> _GIVEN RECORDS_
++++++++

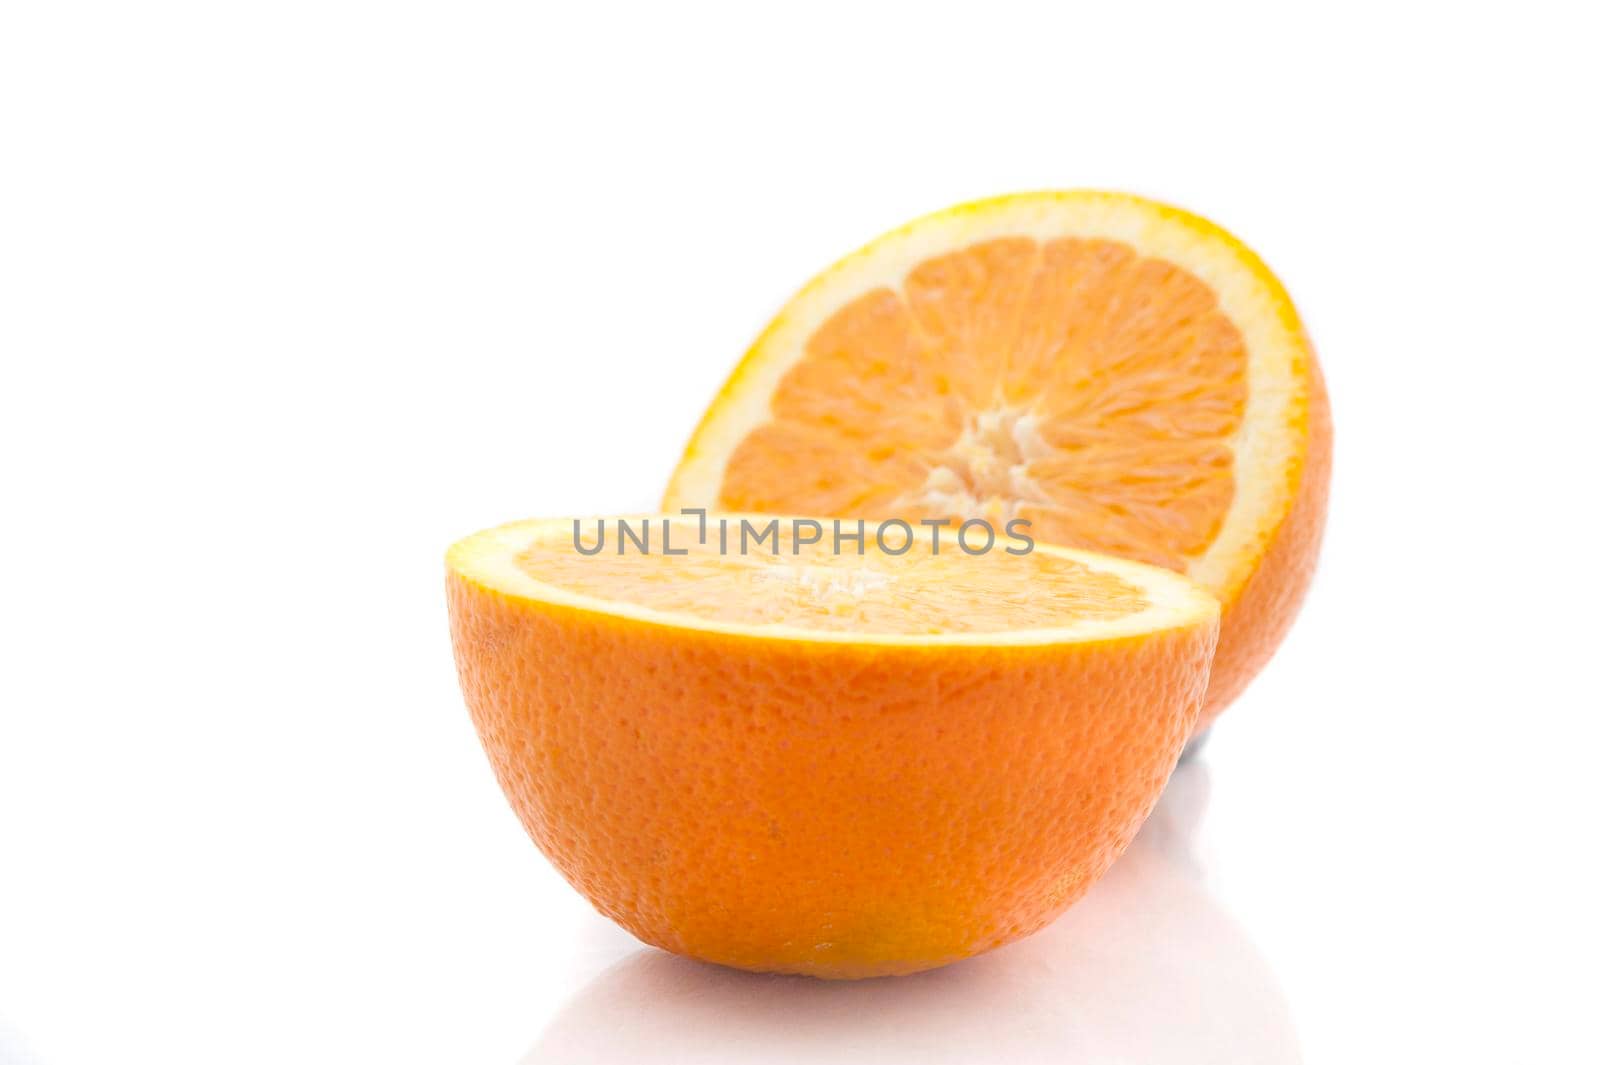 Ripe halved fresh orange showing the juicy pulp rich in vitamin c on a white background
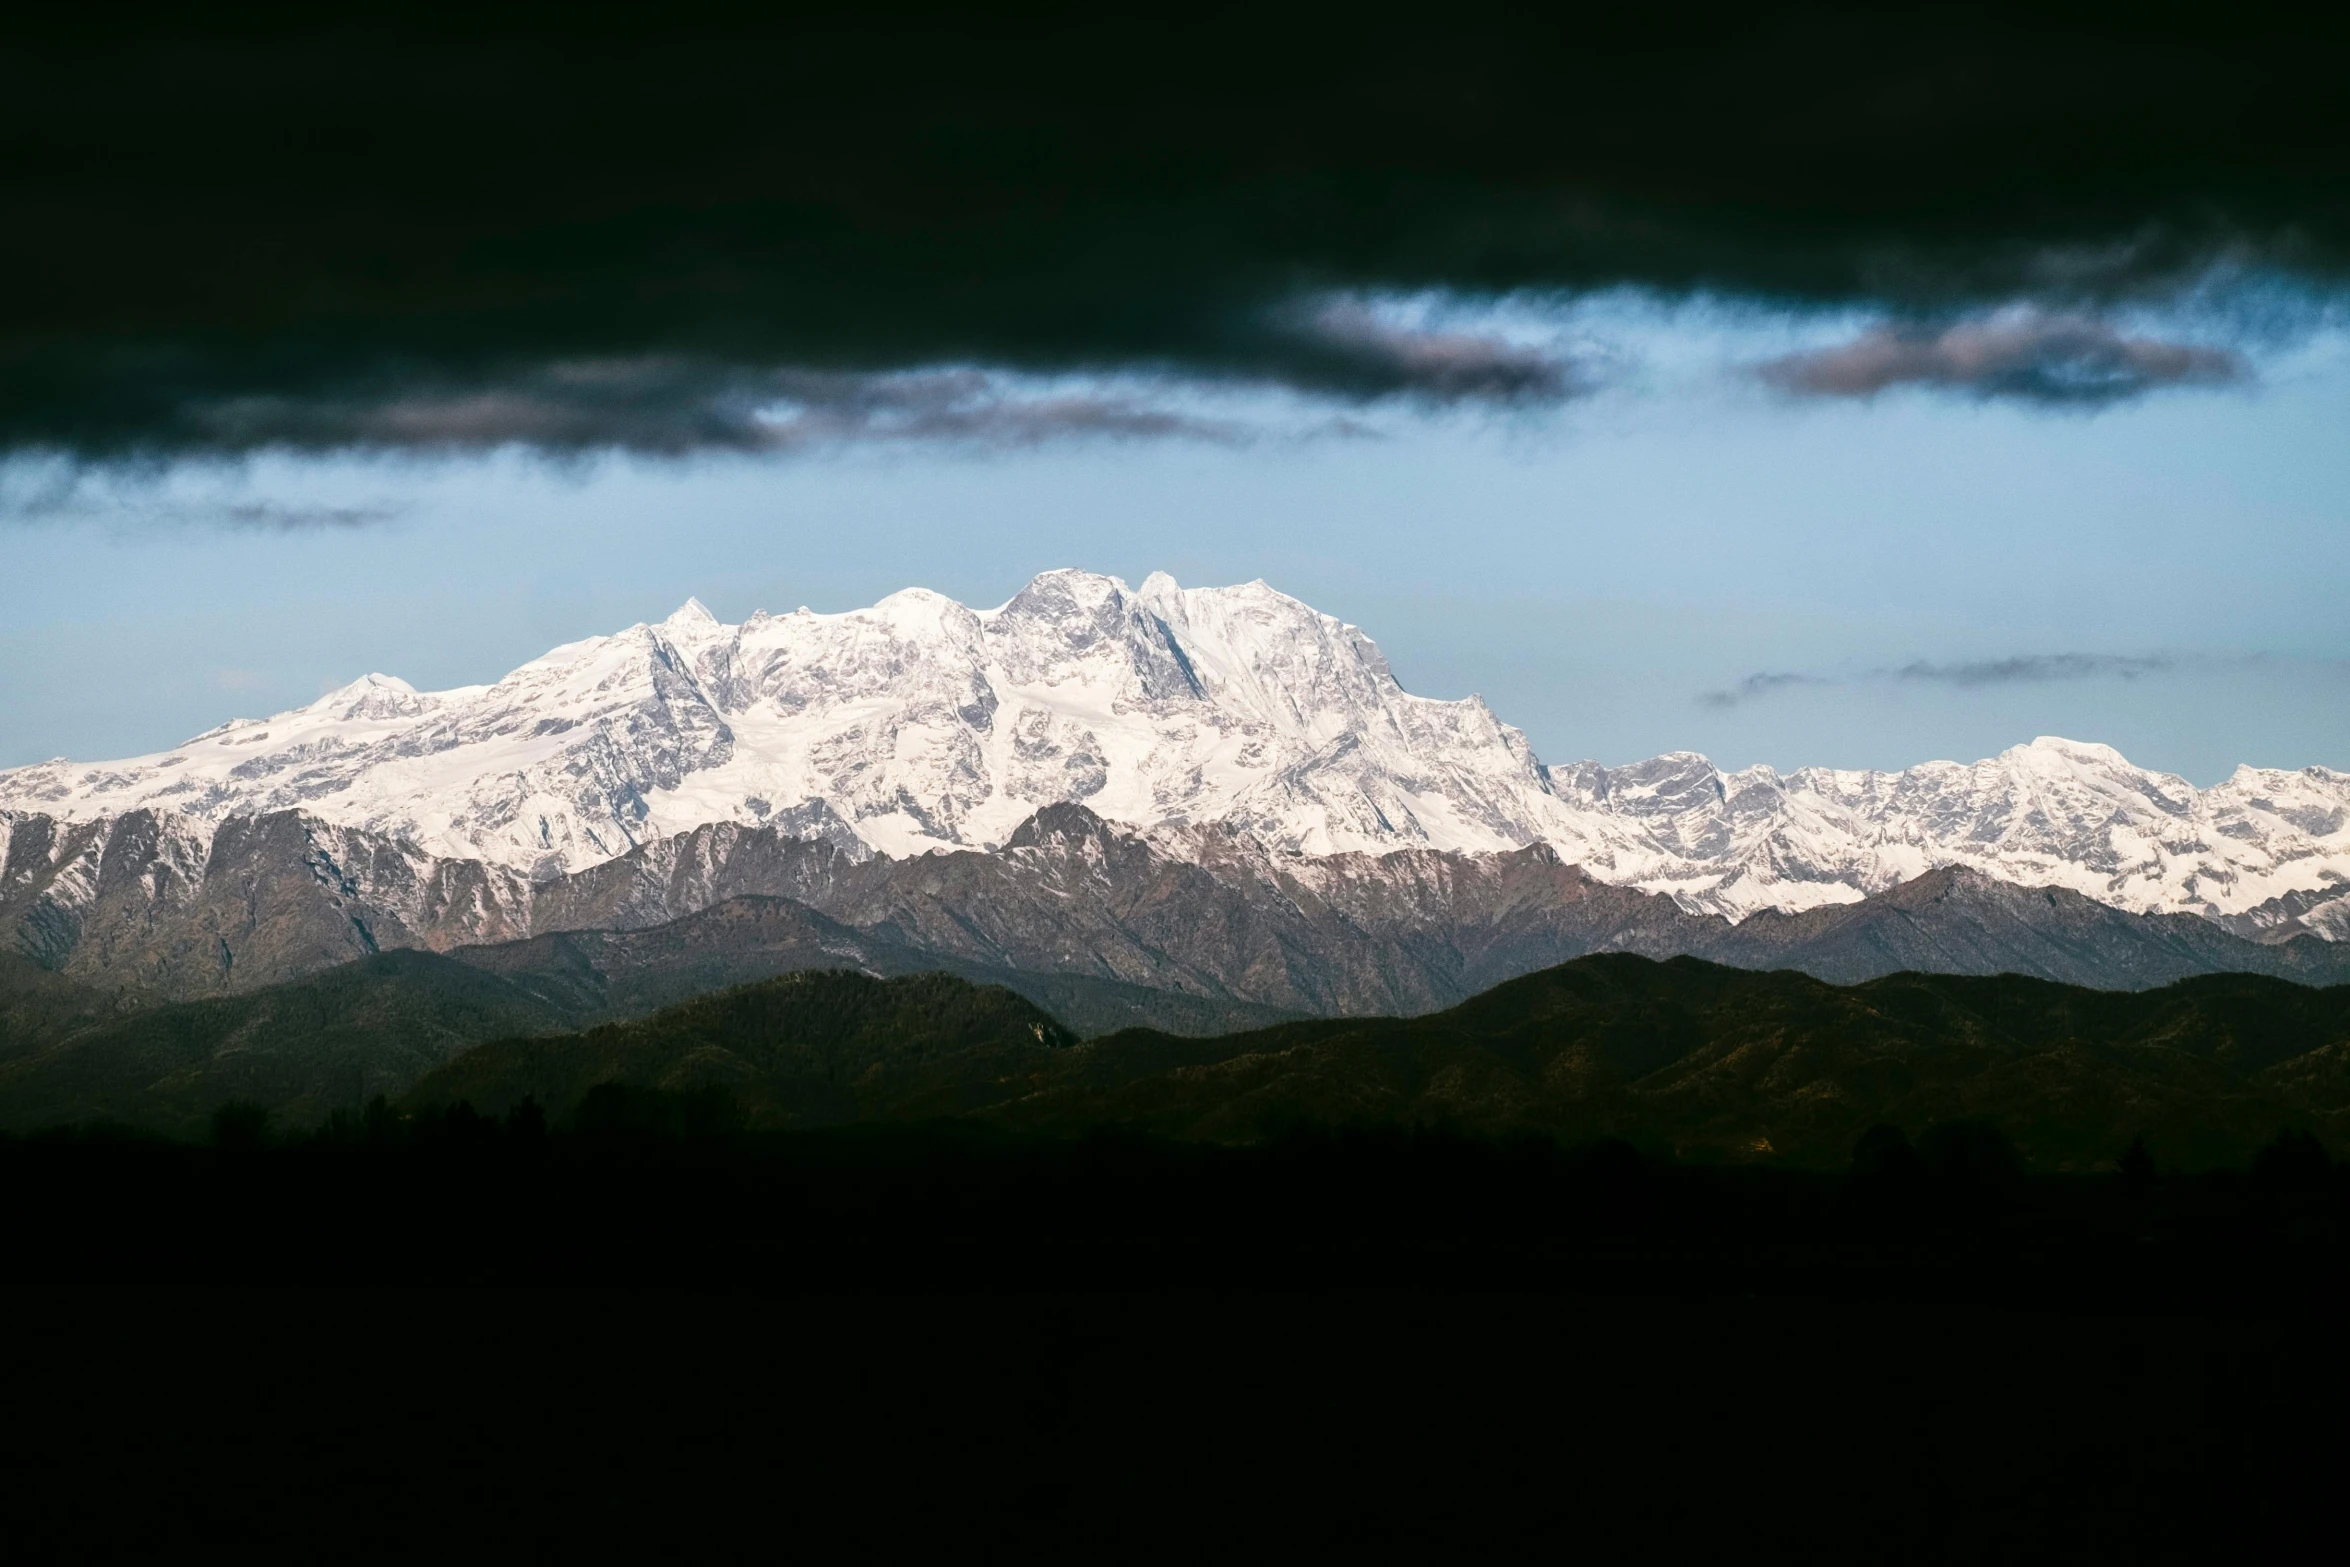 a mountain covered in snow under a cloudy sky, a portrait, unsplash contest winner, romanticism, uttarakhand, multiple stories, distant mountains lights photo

++++++++

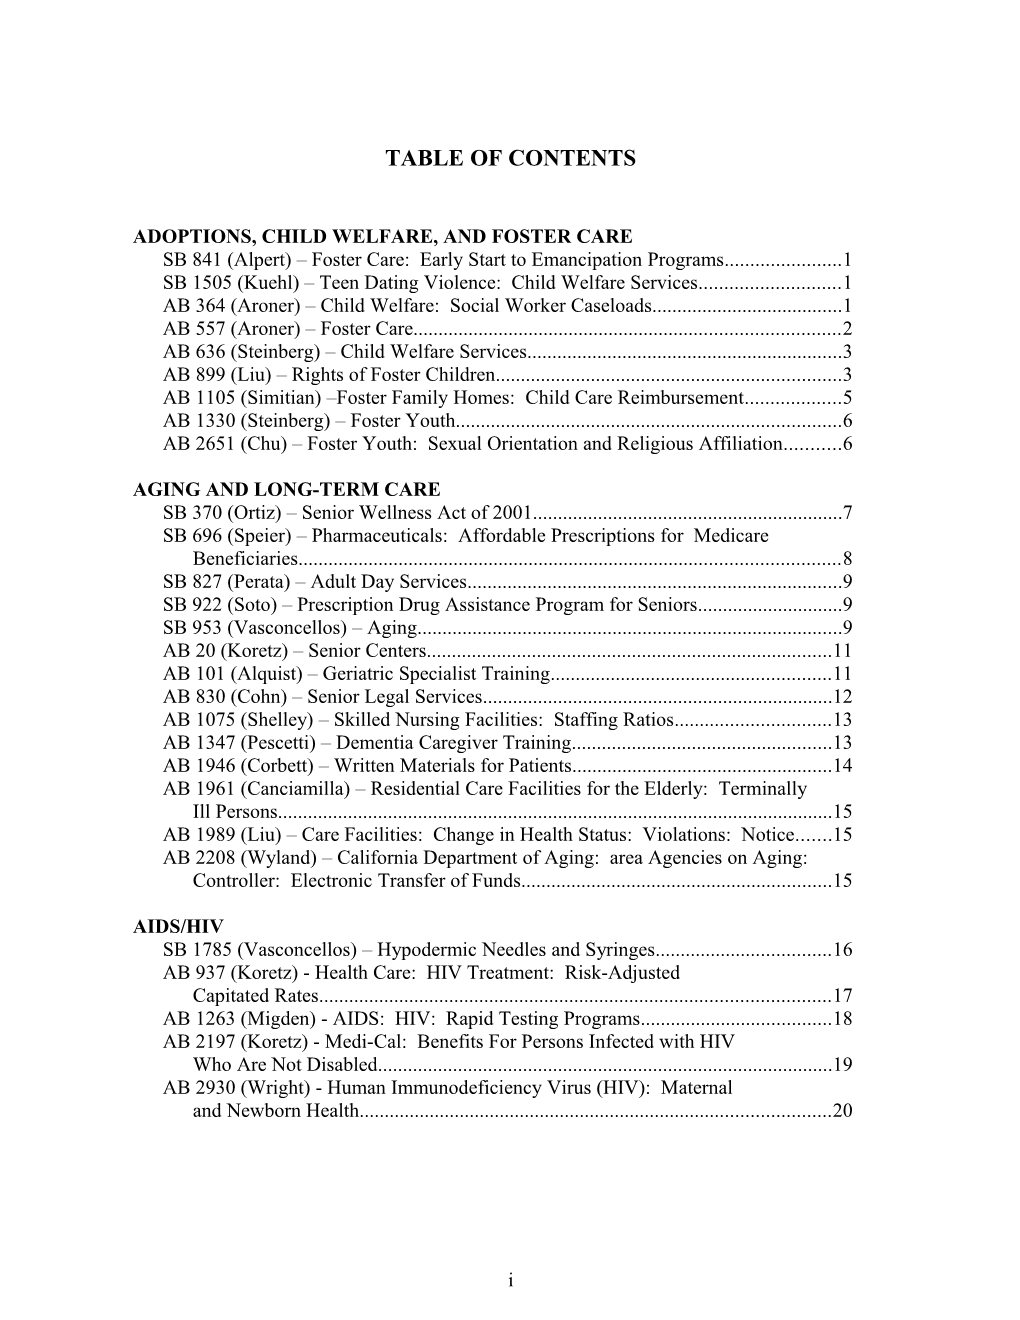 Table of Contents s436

++++++++

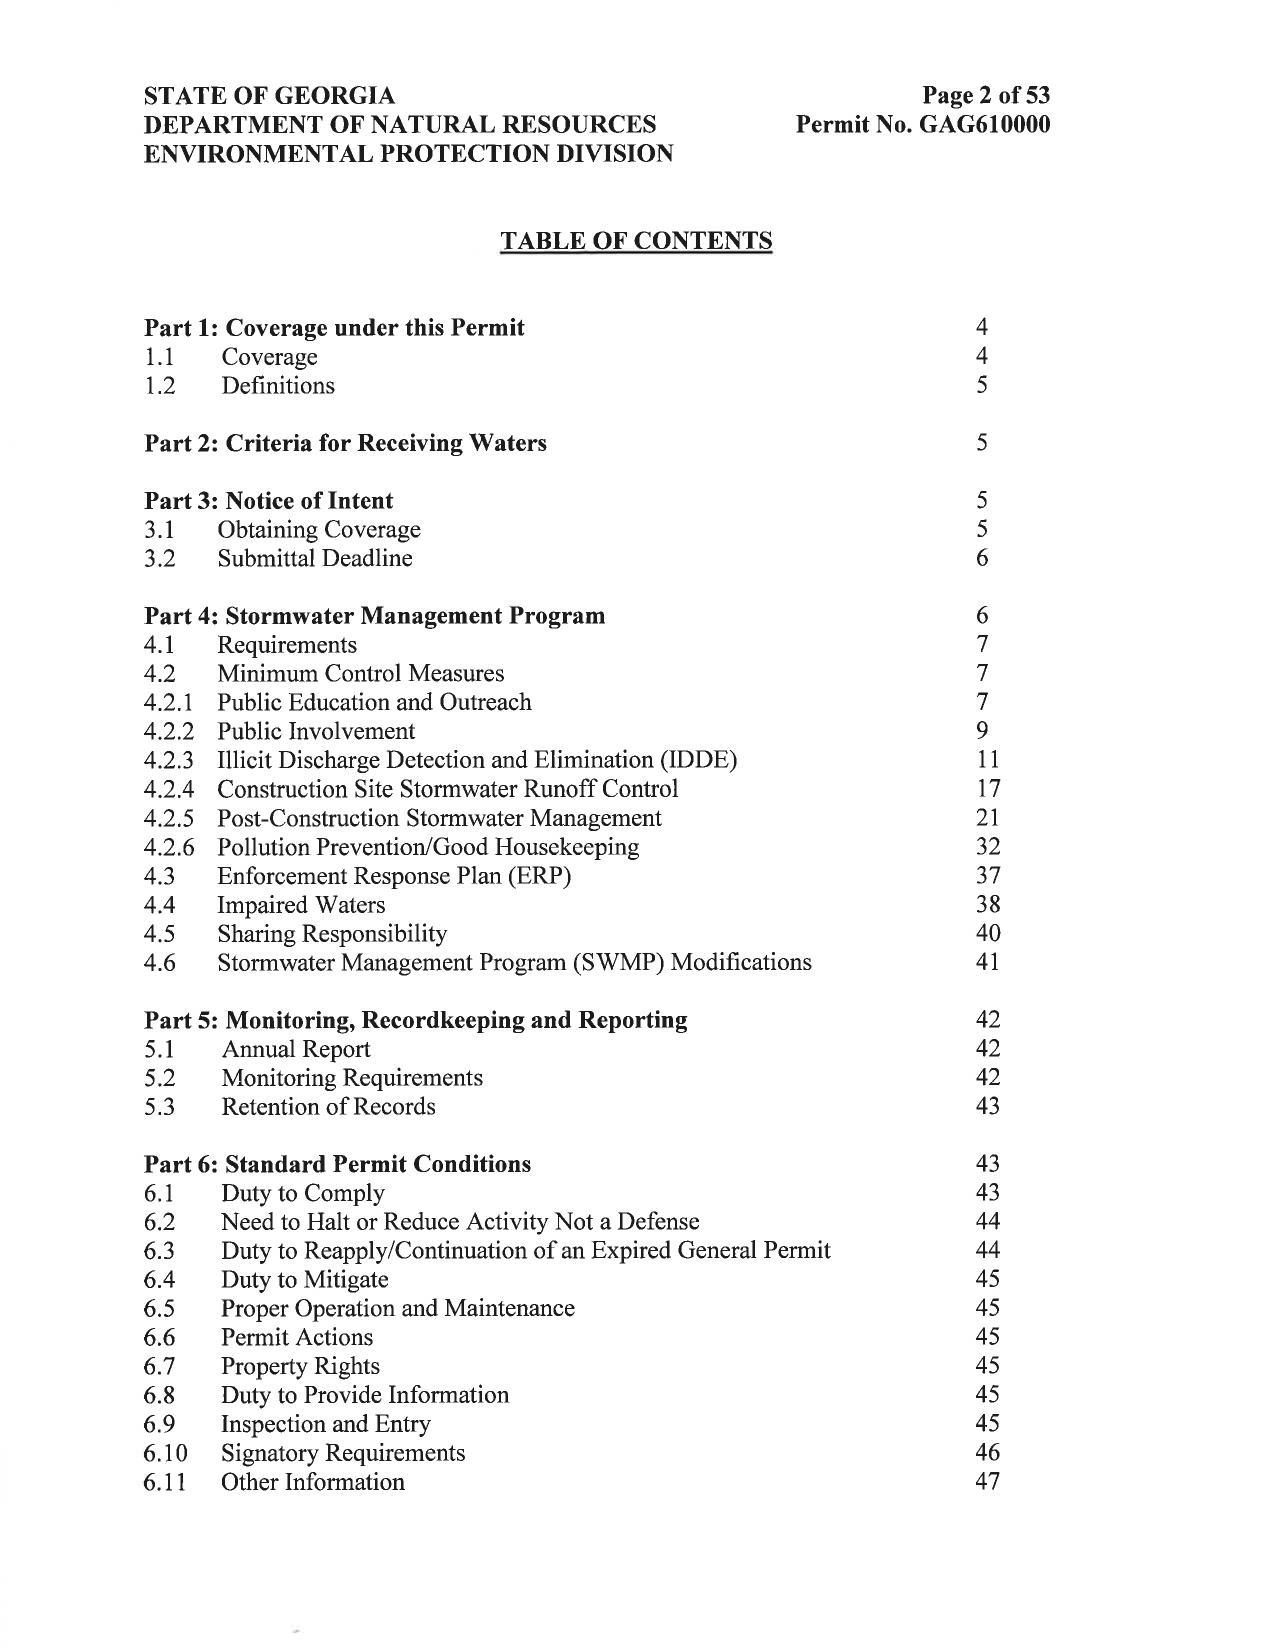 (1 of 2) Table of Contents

++++++++

> _EXERCISE_
Return exactly the lines that appear in the data above between the line containing "Ripe halved fresh" and the line containing "a mountain covered", both of which are included, and leave the pictures out.

> _SOLUTION TO THE EXERCISE_
 Ripe halved fresh orange showing the juicy pulp rich in vitamin c on a white background
 a mountain covered in snow under a cloudy sky, a portrait, unsplash contest winner, romanticism, uttarakhand, multiple stories, distant mountains lights photo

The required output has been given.